Solidarity with the Anglican Church in Uganda and Nigeria

By Chris Sugden, Evangelicals Now

Anglican churches in Nigeria and Uganda have through history stood for biblical truth and principle and been at the forefront of action for justice, peace and equality. They have transformed their societies especially the relationships of men and women. One African Anglican Archbishop told me recently: “Defenders of polygamous families have never lived in one.” The church was also at the forefront of developing democracy in African societies, often in opposition to the ruling colonial powers and their national successors. One only needs recall the late Archbishop David Gitari of Kenya.

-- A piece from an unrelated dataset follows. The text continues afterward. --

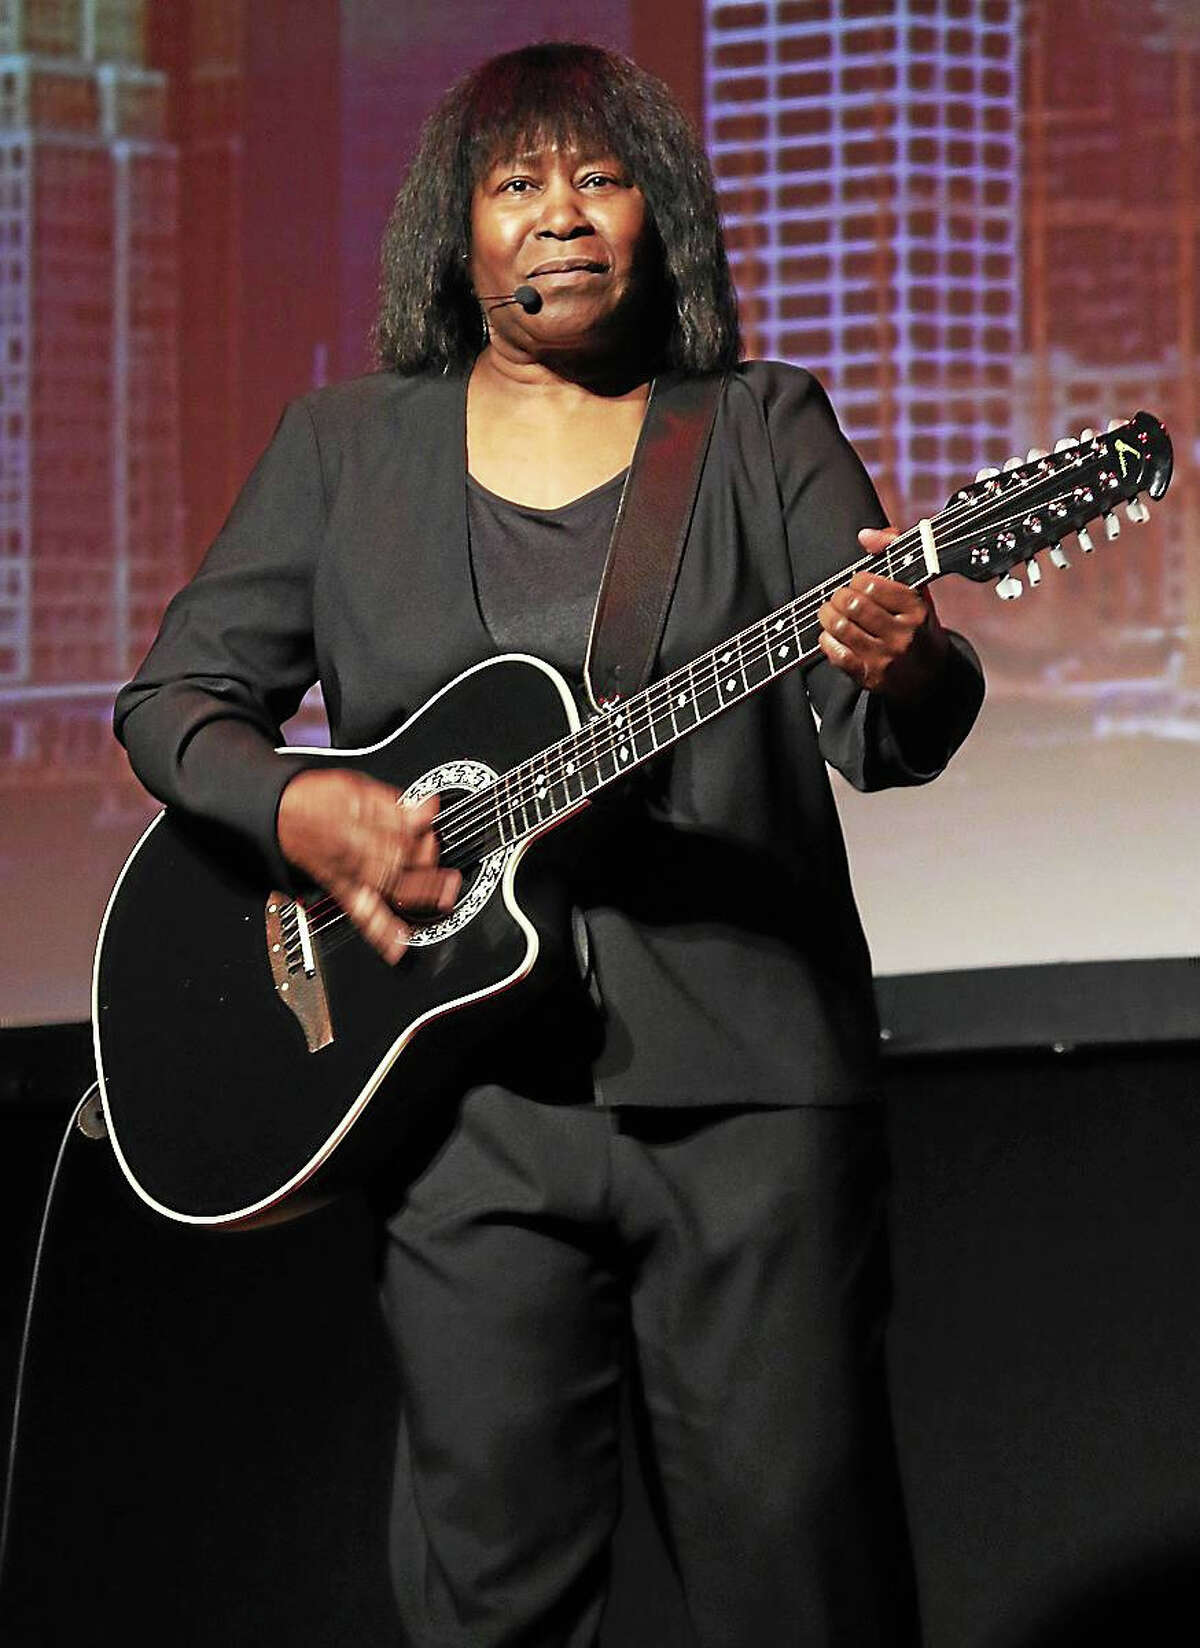 Photo by John AtashianBritish singer, songwriter and guitarist Joan Armatrading is shown performing on stage at Infinity Music Hall during her”concert appearance on Oct. 30. Joan is a three-time Grammy Award nominee, Armatrading was nominated twice for Brit Awards as Best Female Artist. She also received an Ivor Novello Award for Outstanding Contemporary Song Collection in 1996. She is currently on her final world tour. To learn more about the long list of entertainment coming to Infinity Music Hall you can visit www.infinityhall.com

Christian mission at its most authentic has not supported the status quo, or privileged injustice and oppressive social practices. In India Christians opposed widow burning. In Pakistan the church still leads the fight against child slavery.

The Ugandan church knows the price of opposing unjust and powerful people. Every year on June 3 the church recalls the martyrdom between 1885 and 1887 of young page boys at the court of the King of Buganda who refused to be sodomised by the king because of their Christian faith. In the 1970s Archbishop Janani Luwum paid the price for the church’s critique of Idi Amin with his life.

The recent laws concerning homosexual behaviour in Uganda and Nigeria have led to strident condemnation from some in the West. In the last week the World Bank has postponed a $90 million dollar loan to Uganda. Norway, Denmark and the Netherlands have withdrawn government aid. Have they responded to Russia’s laws in a similar way? Are the poor of the world only to be helped if they agree with us?

 

The African Anglican church’s membership of the global Anglican Communion enables accountability and mutual challenge between churches. The following exchange between a Nigerian archdeacon called Paul and a visiting American Ph.D student illustrates this

“Paul had heard that some priests in the US and England are gay.  “What would these Christian brothers of yours say if I asked them how they could be homosexual, and train for ordination?”

I told him how seminary classmates of mine who are gay tell me that they believe God created them to be that way. After a few moments, he spoke again. “In every culture, there is something to be converted by the gospel. In Nigeria, it is our lying, cheating, and pervasive corruption.”

He paused again, reflective. “What is it that needs to be converted in America?” It was an honest question, asked genuinely, and I realised that it was not one to which I had ever given serious thought. I stumbled, looking for an answer. (Church Times February 21 p.36)

Rachel, who visited Kenya last October illustrates the issues Africans are facing:

‘LGBT offices funded from the West have been set up in all major cities throughout the country. It is widely believed that bright young people who are members of these groups are being funded through local tertiary education which is expensive and only generally accessible to the elite. One friend noticed that her newspaper carried a favourable article towards homosexuality every day. She felt that someone must have paid for it to be placed there as there was an article for every day in the same place, the same length for several weeks and then suddenly it stopped. “

“The media found an obscure, expelled, Kenyan Anglican priest who preaches that homosexual practice is acceptable and has received funding from the West to set up a church. He was given a large amount of sympathetic airtime on mainstream television at the same time that an international conference on upholding Biblical teaching was taking place in Nairobi (GAFCON2). This was used by the media to suggest that Christianity was unclear on the issue of homosexuality. A culture war has started in Kenya and the West has instigated it – cultural imperialism isn’t dead after all.’

The Archbishop of Uganda told me last year that parents in Uganda are very concerned to protect their young boys from being preyed upon by paedophiles. The church’s vocation is the protection of the vulnerable. As a church and nation Ugandans know far more about the victims of violence than western liberals.

A Ugandan parliamentarian has told me of their struggle to signal through the law that such preying is completely taboo. I have heard UK Parliamentarians make the same argument for the use of the law in the UK on other matters.

The Anglican churches have stood against any violence against people with same-sex attraction and behind the scenes the Ugandan Anglican church had a significant moderating influence on the bill. Without the church’s role the forces of violence against same-sex attracted people would have triumphed.

Every community establishes boundaries for what is and is not acceptable. Many in the West would agree that it is reasonable to criminalise sexual behaviour between adults and minors in order to protect the vulnerable. There are clearly issues of norms of behaviour that are promoted in schools and youth groups. Uganda, like many other countries, has taken the view that the promotion of same sex behaviour is to be regarded as criminal activity.

The western church can share its views on the wisdom of criminalising same-sex behaviour between adults without weakening their respect for and support to the Ugandan Church in it stand against violence. This is a sign of maturity in our relationships.

This concern for the wellbeing of a community, especially the vulnerable, does not degrade the rights of same-sex attracted people. Claiming that it does depends on the unproved assumption that such attraction is entirely innate. President Museveni is investigating this assumption and inviting debate on the topic. This goes completely against the mainstream view of western culture. “Gay activists” in the west think that the issue is beyond debate and vilify any attempt to raise the question. Who is being prejudiced?